Nun kommt es also doch zu einem neuen Wettbewerb für das Freiheitsdenkmal in Leipzig. Alle Verantwortlichen sind gut beraten, diesen durch das Urteil des Oberlandesgerichtes Dresden eröffneten Weg eines Neuanfangs entschlossen zu gehen. Doch nicht nur der Gestaltungswettbewerb bedarf einer neuen Ausschreibung – auch die Platzwahl für das Freiheitsdenkmal sollte noch einmal überdacht werden. Denn der Leuschnerplatz ist für das Freiheitsdenkmal ungeeignet. Zum einen hat es sich als gravierender Fehler herausgestellt, mit dem Freiheitsdenkmal eine städtebauliche Brache zu füllen. Zum andern verfügt die Leipziger Innenstadt über ausreichend originale Erinnerungsstätten für die Friedliche Revolution wie die Nikolaikirche, die Säule auf dem Nikolaikirchhof, die Runde Ecke und der Augustusplatz mit der neuen Universitätskirche St. Pauli. Deren Neubau kann zum sichtbaren Zeichen dafür werden, wozu Unrechtssysteme fähig (ideologisch-gewalttätige Borniertheit) und freiheitliche Gesellschaften in der Lage sind (Religionsfreiheit, deren sichtbare Manifestierung auch einem Wissenschaftsbetrieb gut ansteht).
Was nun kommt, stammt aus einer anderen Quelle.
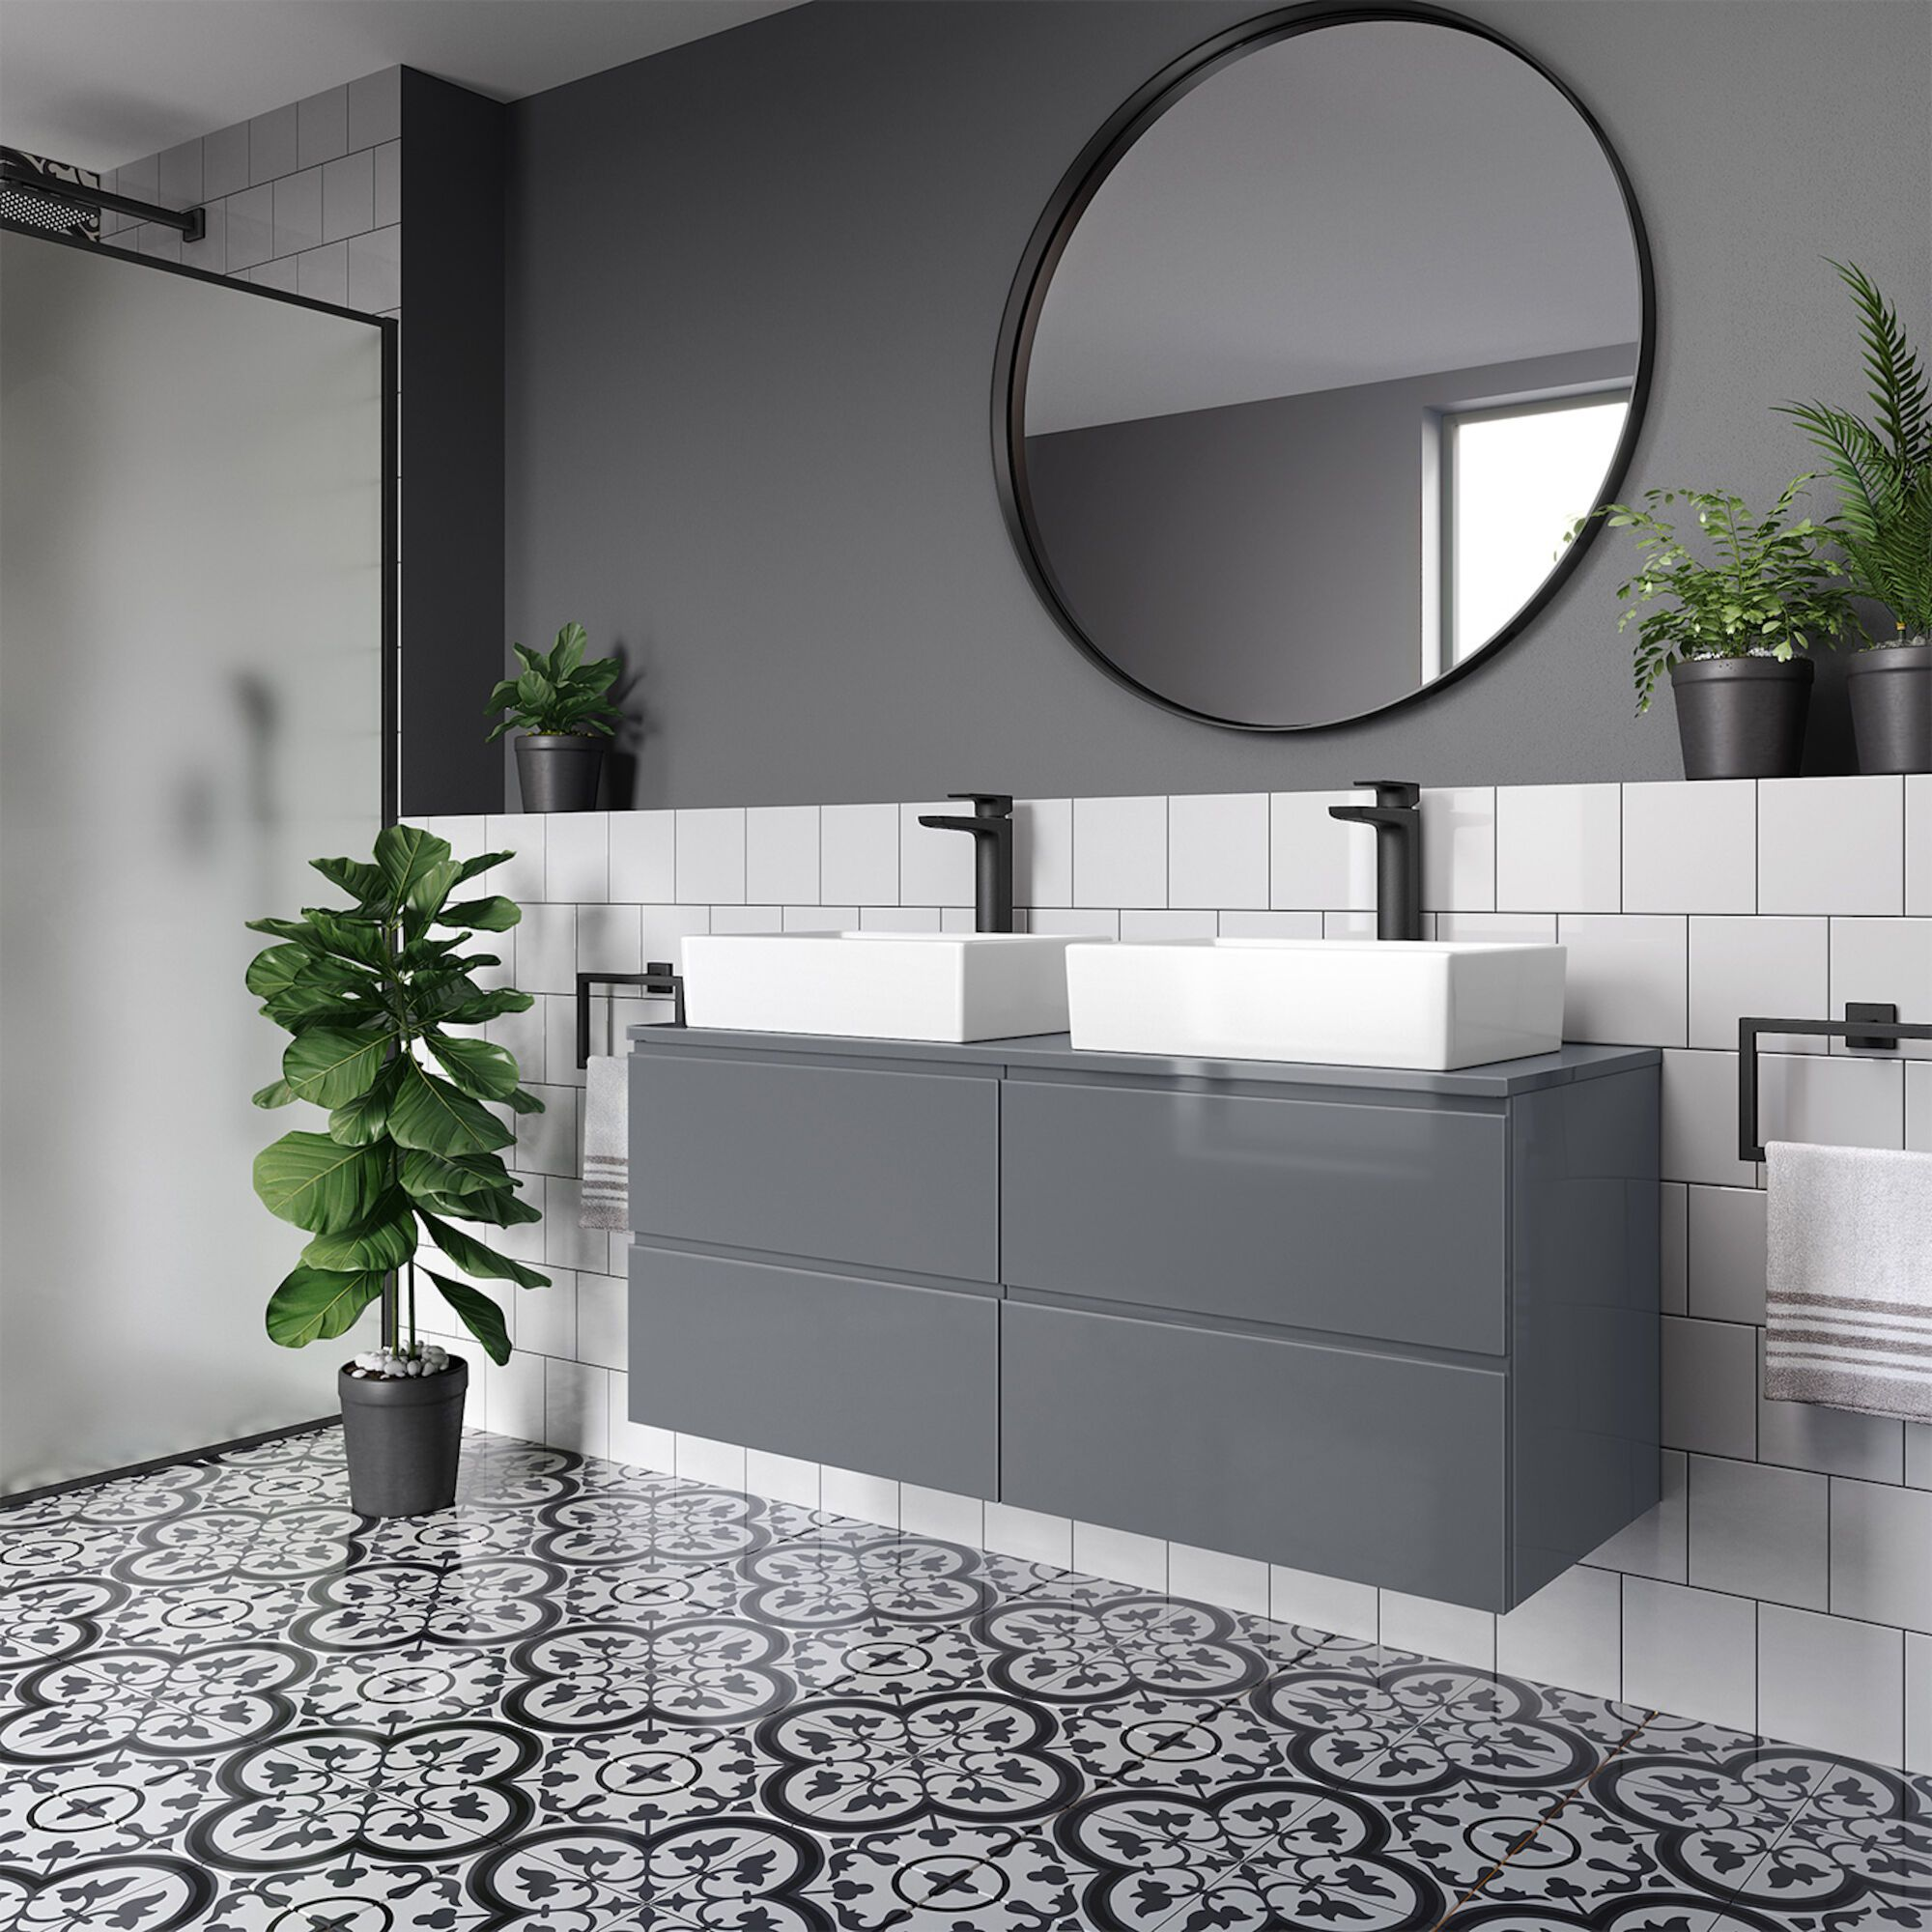 Trevia Gloss Grey Double Alicia Basin Countertop Vanity Unit 1200mm Soak Com Double Basin Vanity Unit Basin Vanity Unit Vanity Units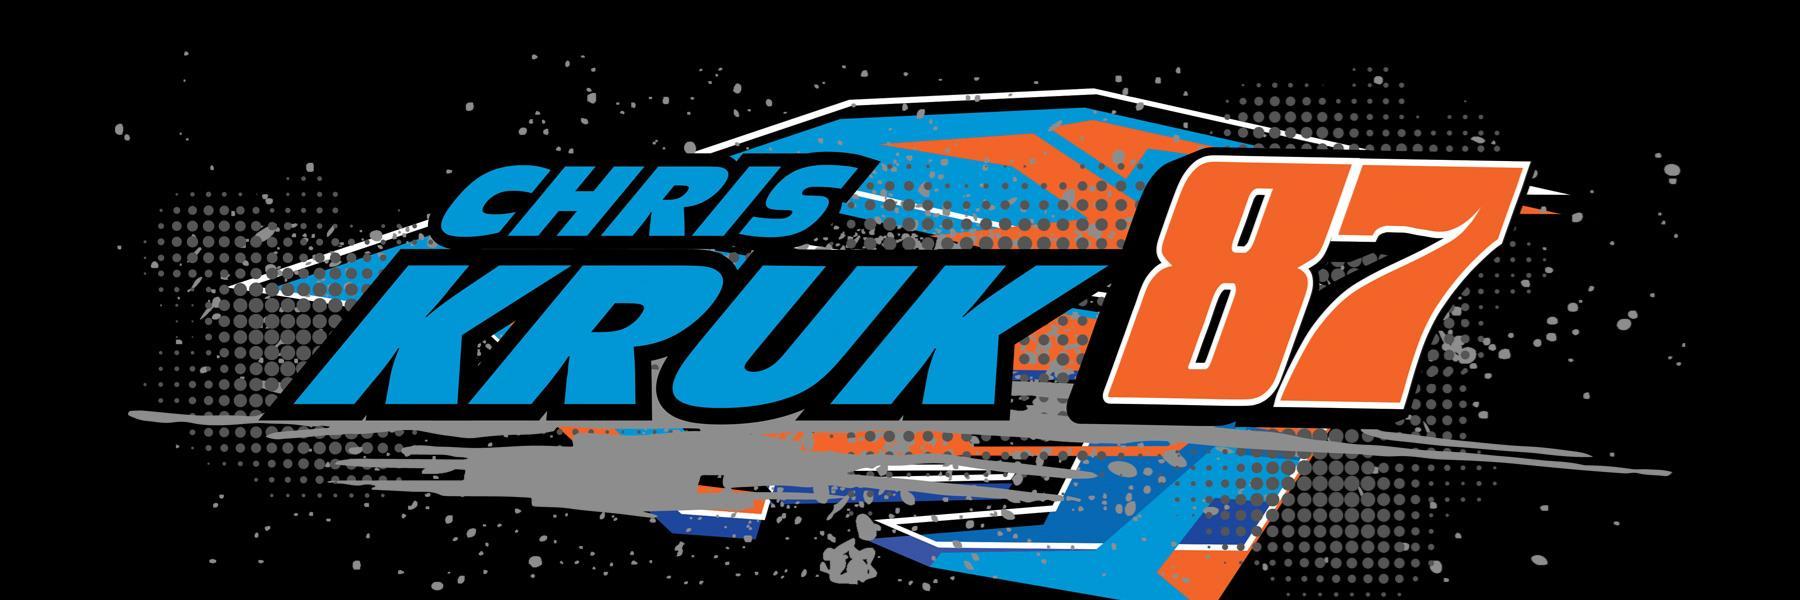 Chris Kruk

Darum möchte ich den Vorschlag wiederholen, das Freiheitsdenkmal auf dem Gelände des Völkerschlachtdenkmals zu errichten – und so ein Pendent zu bilden zu einem Koloss, der sich auf Dauer nicht in ein „Friedensdenkmal“ umdeuten lässt, sondern immer martialischer Ausdruck von Militarismus und Nationalismus und darum erstrebenswerter Zielpunkt für entsprechend gesinnte Gruppierungen bleiben wird. Dem kann aber mit dem Freiheitsdenkmal nicht nur widersprochen werden. In Zukunft würde der Besuch des Völkerschlachtdenkmals immer verbunden sein mit der Erinnerung an die Friedliche Revolution, mit dem Auftrag, dass wir in der Tradition der Friedlichen Revolution stehen und leben wollen und darum Abschied nehmen von der grausamen Mär, als sei nur mit militärischer Gewalt und mit Diktatur und Bevormundung Erneuerung, Frieden zu schaffen. Der Ruf „Keine Gewalt“ und die Bitte „Dona nobis pacem“ (Gib uns Frieden) gilt es dem als Schutzpatron der Soldaten und des Heiligen römischen Reiches deutscher Nation missbrauchten Erzengel Michael auf der Stirnseite des Völkerschlachtdenkmals entgegenzusetzen. So könnte das Freiheitsdenkmal für die nächsten Generationen zu einem Treffpunkt zur Feier der Freiheit, eine Verankerung des Geschehens von 1989 in der Tradition von 1949 (Verabschiedung des Grundgesetzes), 1919 (Ausrufung der deutschen Republik) und 1848(bürgerliche Revolution) werden. Ein solches Denkmal im Gegenüber zum Kriegs-Koloss Völkerschlachtdenkmal könnte den Geist symbolisieren, den es für die nächsten Generationen lebendig zu erhalten gilt. Eine solche Konzeption erübrigt auch eine Debatte darüber, ob Leipzig überhaupt ein solches Denkmal braucht. Ja, wir benötigen für die nächsten Generationen eine starke Erinnerung an den Aufbruch zur Demokratie – denn dieser war und ist kein Selbstläufer, sondern bedarf der lebendigen Auseinandersetzung nicht nur mit dem Geschehen von 1989/90, sondern auch mit den unseligen Traditionen unserer Geschichte.

Christian Wolff

Pfarrer i.R.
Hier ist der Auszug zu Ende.